## TO DO
Below are records; the lines starting at the one with "No Brasil, a" and ending at the one with "IPL 2024 : ఐపీఎల్‌లో" must be reproduced exactly, both included. Pictures must not appear.

Segment Start: WORKING DATA

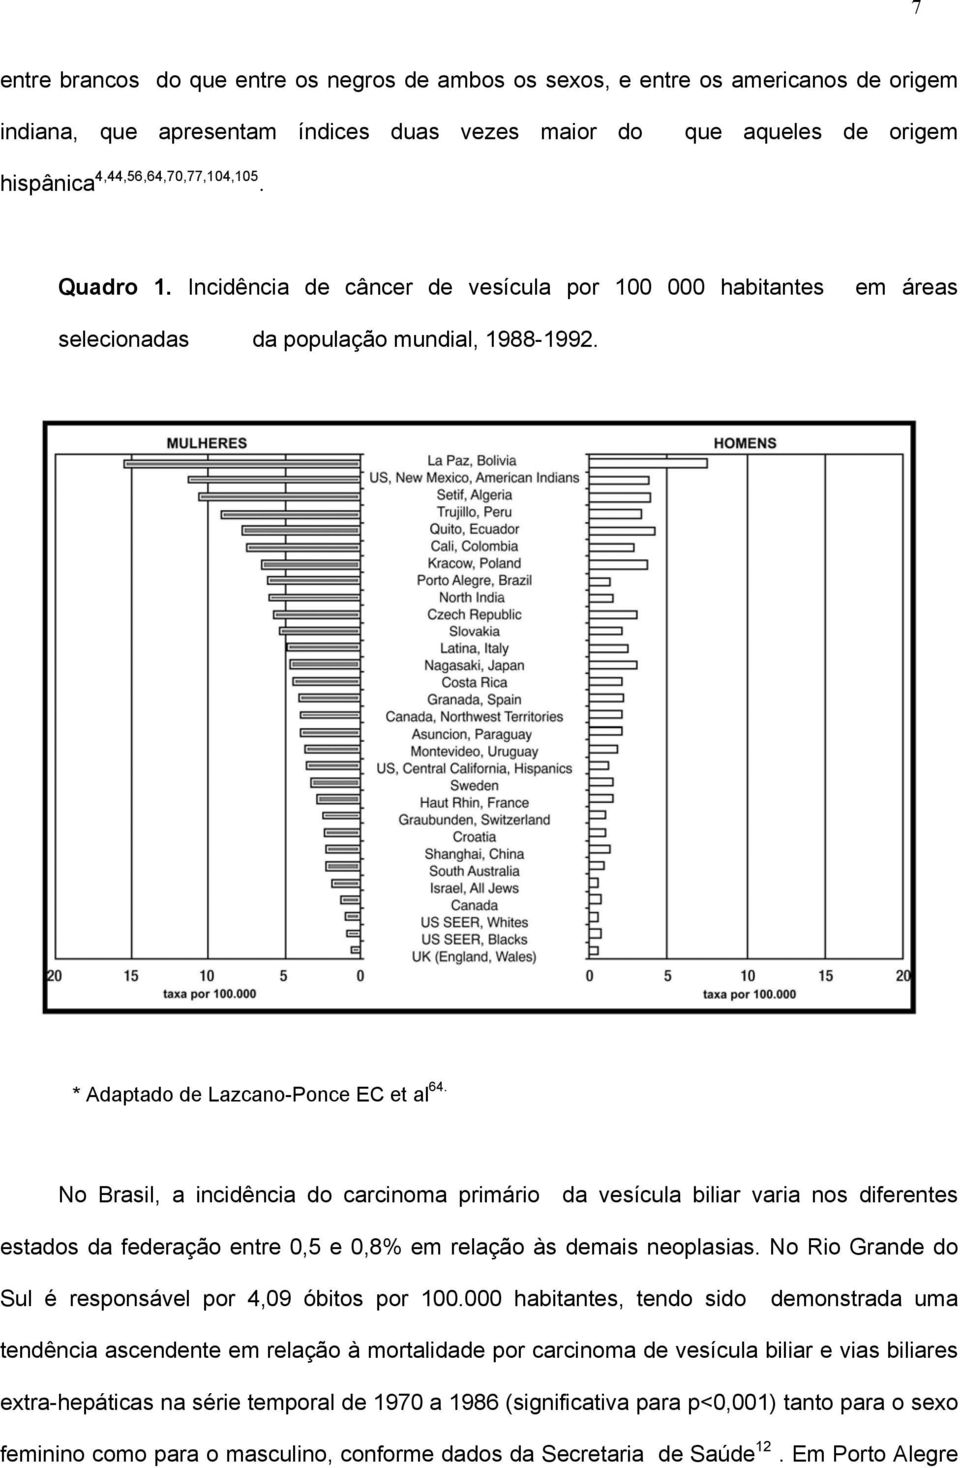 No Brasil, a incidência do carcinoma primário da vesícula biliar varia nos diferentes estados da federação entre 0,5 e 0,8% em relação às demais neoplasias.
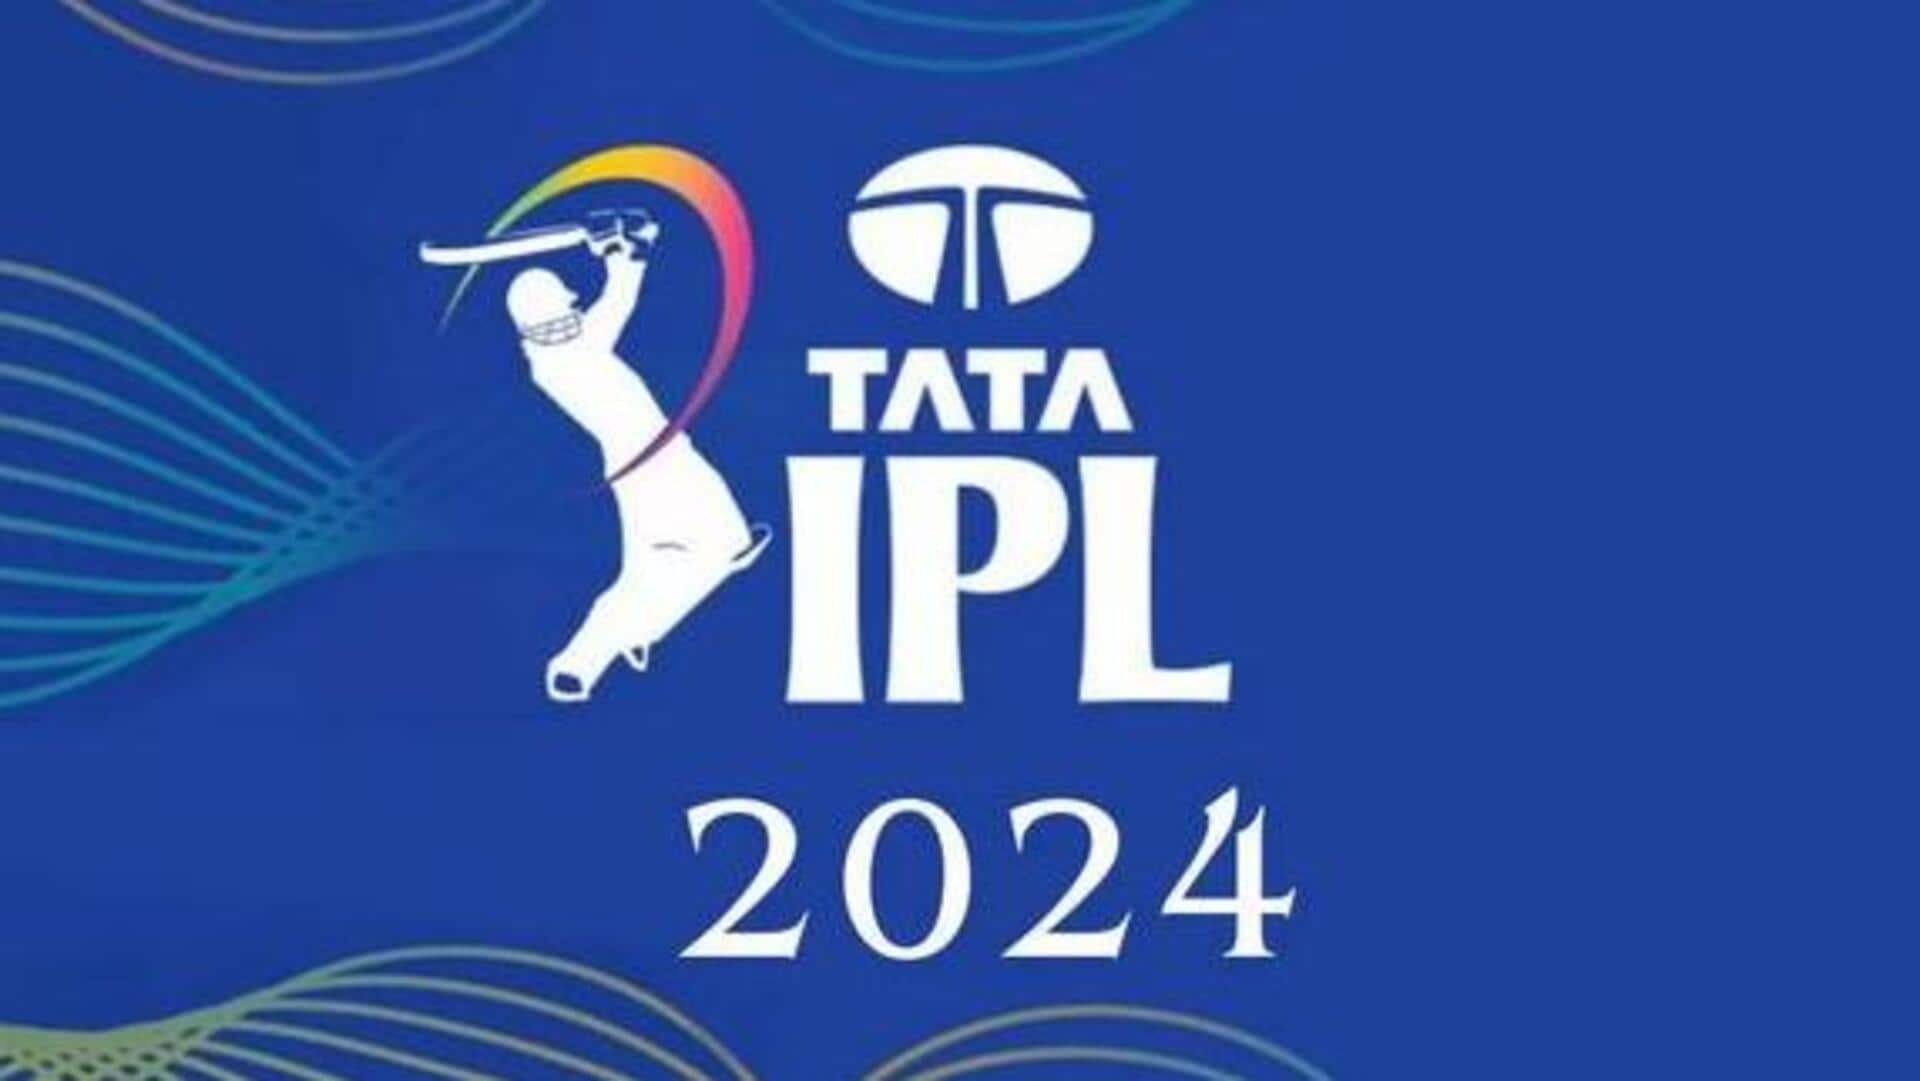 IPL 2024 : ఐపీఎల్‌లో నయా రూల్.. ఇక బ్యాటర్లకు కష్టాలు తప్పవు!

Segment End: WORKING DATA
Segment Start: WORKING DATA

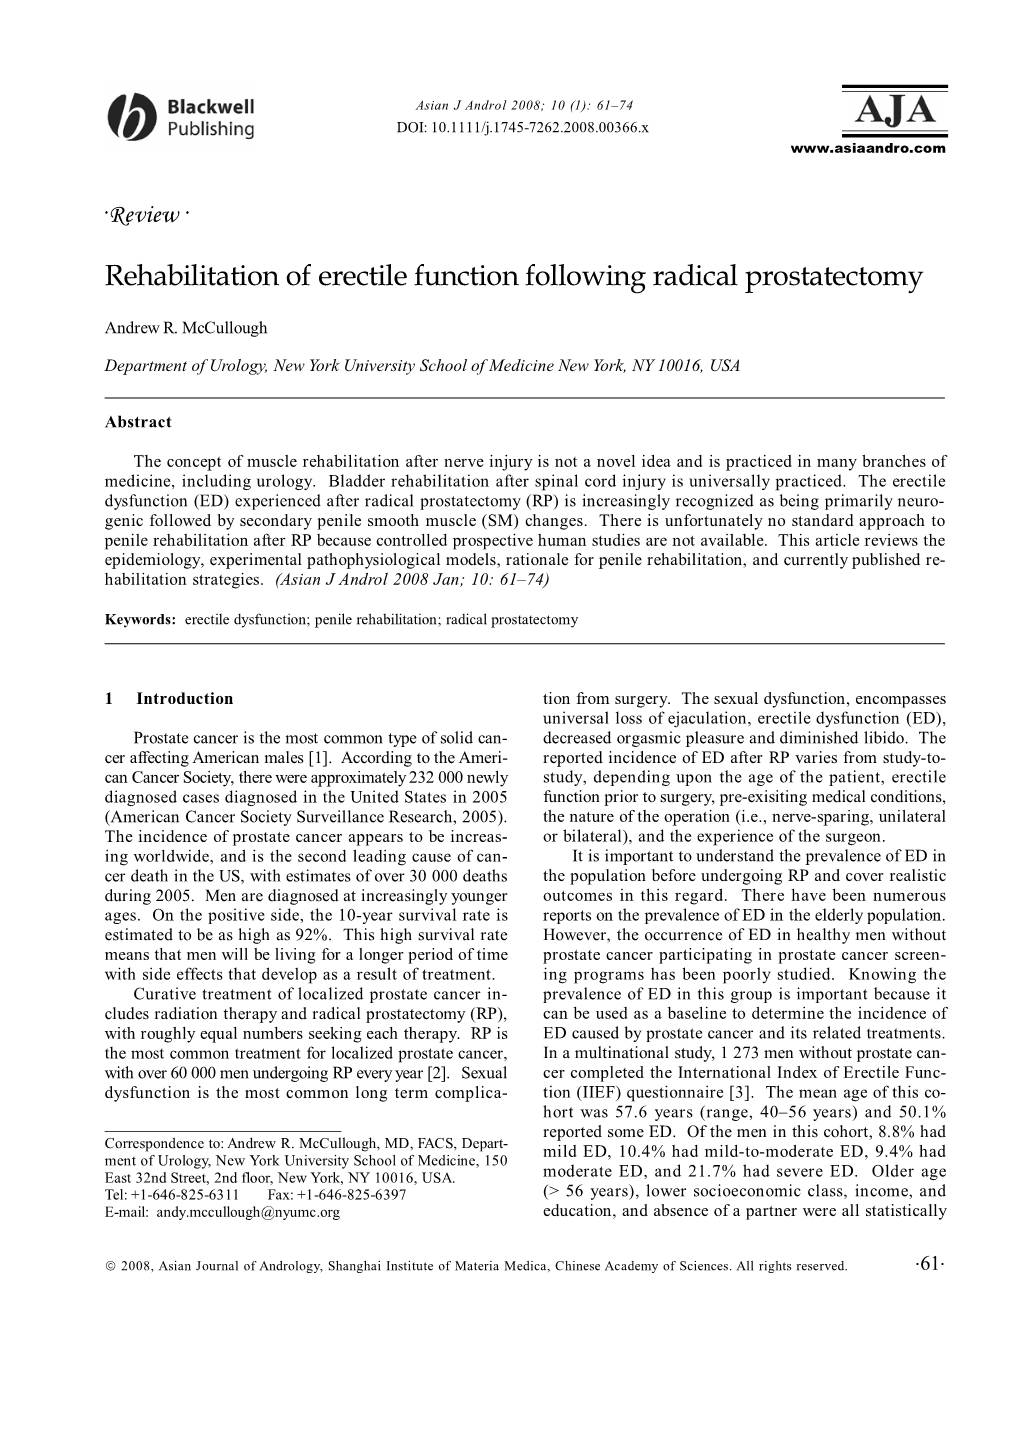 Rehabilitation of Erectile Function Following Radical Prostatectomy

Segment End: WORKING DATA

## FINISHED TASK
 No Brasil, a incidência do carcinoma primário da vesícula biliar varia nos diferentes estados da federação entre 0,5 e 0,8% em relação às demais neoplasias.
 IPL 2024 : ఐపీఎల్‌లో నయా రూల్.. ఇక బ్యాటర్లకు కష్టాలు తప్పవు!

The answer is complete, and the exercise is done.